Today Greenwich Park spans 183 acres & forms one of London’s most magnificent landscapes. Greenwich Hill offers views of the Queens House, Old Royal Naval College, the River Thames & Docklands.

St James Park

Le parc St. James est le plus ancien parc royal de Londres et est entouré de trois palais royaux, le palais de Westminster, le palais St. James et le palais de Buckingham. En 1536, la cour royale était basée au palais de Westminster et le roi Henri VIII acheta un terrain à St. James pour construire le palais St. James et un nouveau parc aux cerfs. Après son accession au trône en 1603, Jacques Ier fit assécher le parc, l'aménager et le remplir d'animaux exotiques, notamment des chameaux, des crocodiles, des oiseaux et un éléphant.

Le parc St. James a subi d'autres modifications lorsque Charles II l'a ouvert au public et l'a fait réaménager dans un style plus formel avec un grand canal. Le parc St. James a subi une autre transformation dans les années 1820 lorsque le prince régent (qui deviendra plus tard George IV) a chargé l'architecte et paysagiste John Nash de donner au parc un aspect plus naturel. Le canal a été façonné en lac et un pont en fer a été construit offrant d'excellentes vues sur le lac. Le pont actuel (le pont bleu) a été construit en 1957 et est le troisième pont à enjamber le lac St. James Park.

Victoria Tower Gardens

Victoria Embankment Gardens

During the construction of Victoria Embankment (complete in 1870) the landscape architect Alexander McKenzie designed a series of public gardens parallel to the river Thames between Westminster Bridge & Temple Stairs Arch. Whitehall Gardens (the furthest stretch West) were designed by George Vulliamy who also designed the pedestals & sphinxes for Cleopatra’s Needle (located 6 minutes downriver on the embankment). Villiamy designed Victoria Embankments camel benches & sturgeon lamps which can be seen along the riverfront.

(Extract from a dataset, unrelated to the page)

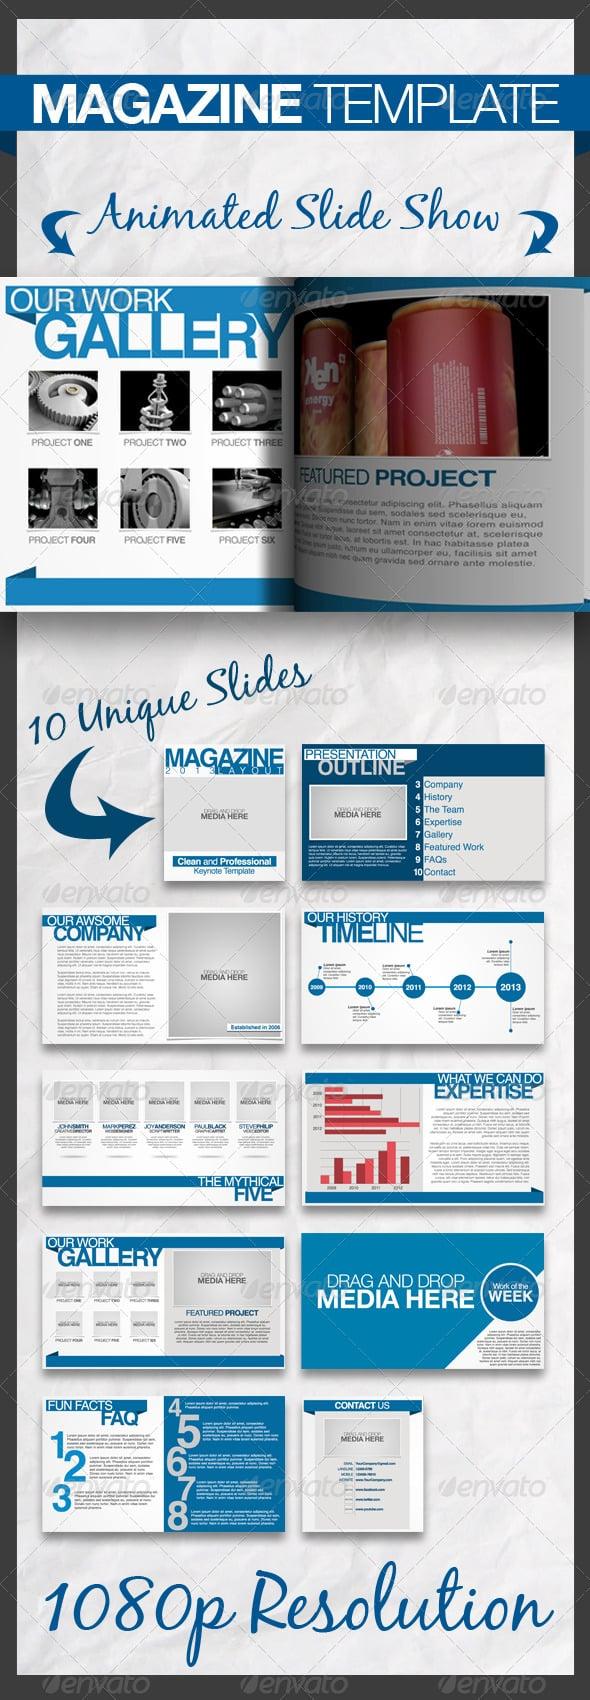 Magazine-Keynote-Presentation-Template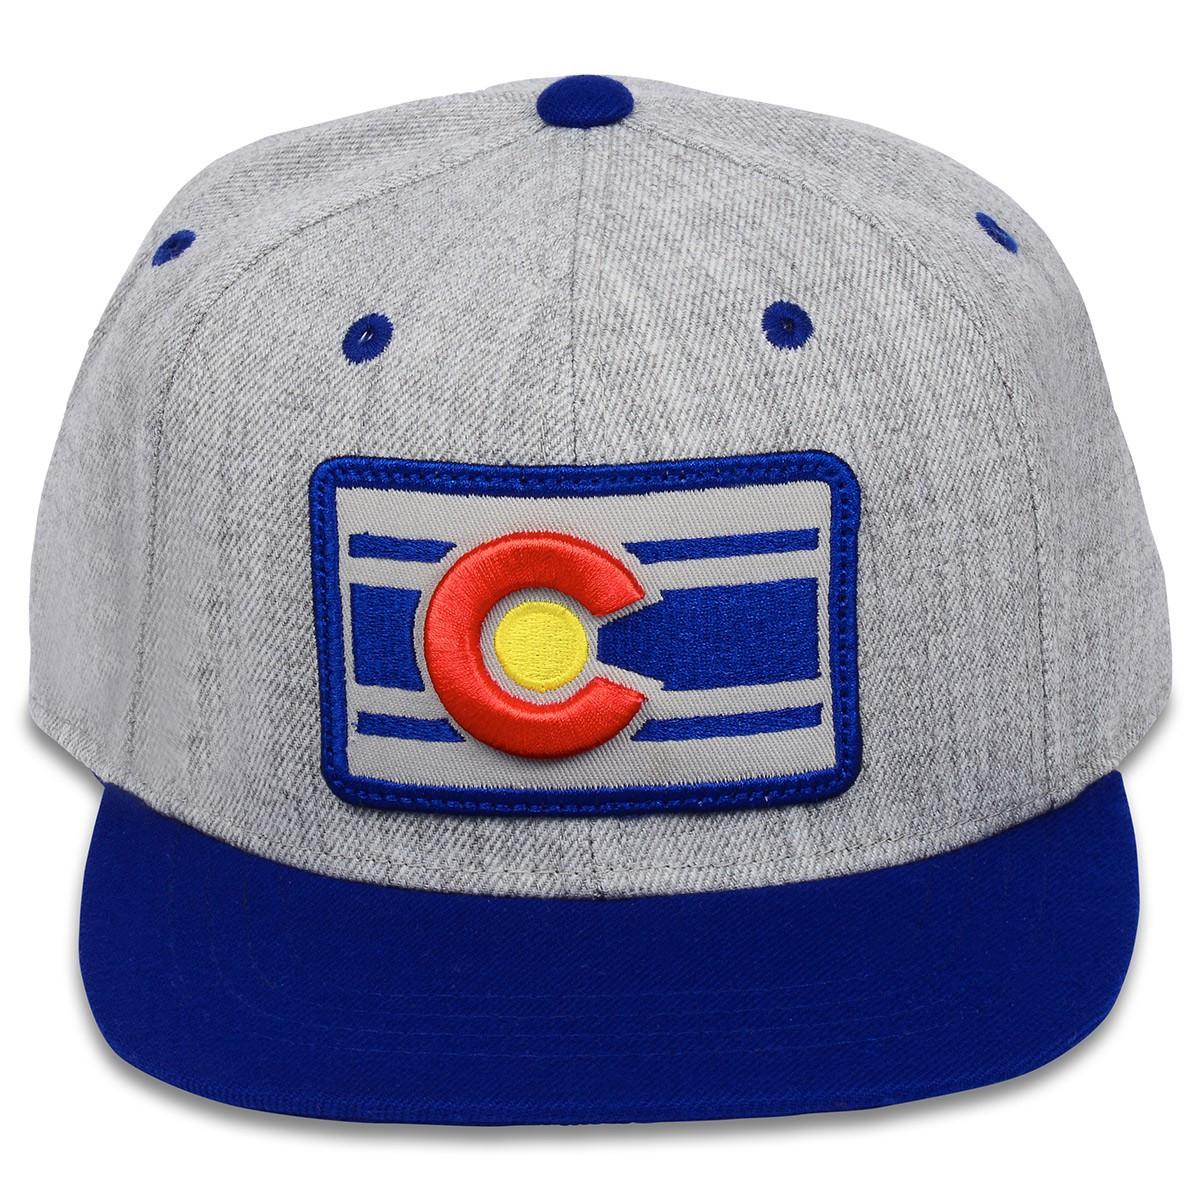 f378136b46c92 HEATHER CLASSIC SNAP BACK Blue - Breckenridge hat company

Victoria Embankment Gardens are well kept & are home to a large number of memorial statues. The gardens are also home to the York Water Gate which would have sat on the bank of the river before the construction of the embankment.

The Garden at 120 (120 Fenchurch Street)

One Fen Court est un complexe de bureaux moderne situé au 120 Fenchurch Street. Conçu par Eric Parry Architects et achevé en 2019, le bâtiment s'élève sur 15 étages et comprend le plus grand jardin sur le toit de Londres. The Garden at 120 est un grand jardin sur le toit en plein air qui est ouvert au public gratuitement du lundi au vendredi. 14 Hills, un restaurant, un bar et une épicerie sont situés juste en dessous du jardin au 14ème étage.

The Tide

Crossrail Place Roof Garden

The Crossrail Place Roof Garden is a hidden oasis perched atop the Crossrail train station in Canary Wharf. The garden sits almost on top of the historic prime meridian separating East from West. The plants in the garden are arranged to WORDWORDWORDWORD  the meridian line, Asian plants including bamboo are located in the East of the garden & plants from the Americas including ferns are located to the West of the garden. Numerous paths wind through the garden & visitors can spend plenty of time exploring, a perfect escape from the busy financial & shopping district located outside. 

Crossrail Place is partially covered providing shelter in inclement weather & is also home to an 80 seater performance space.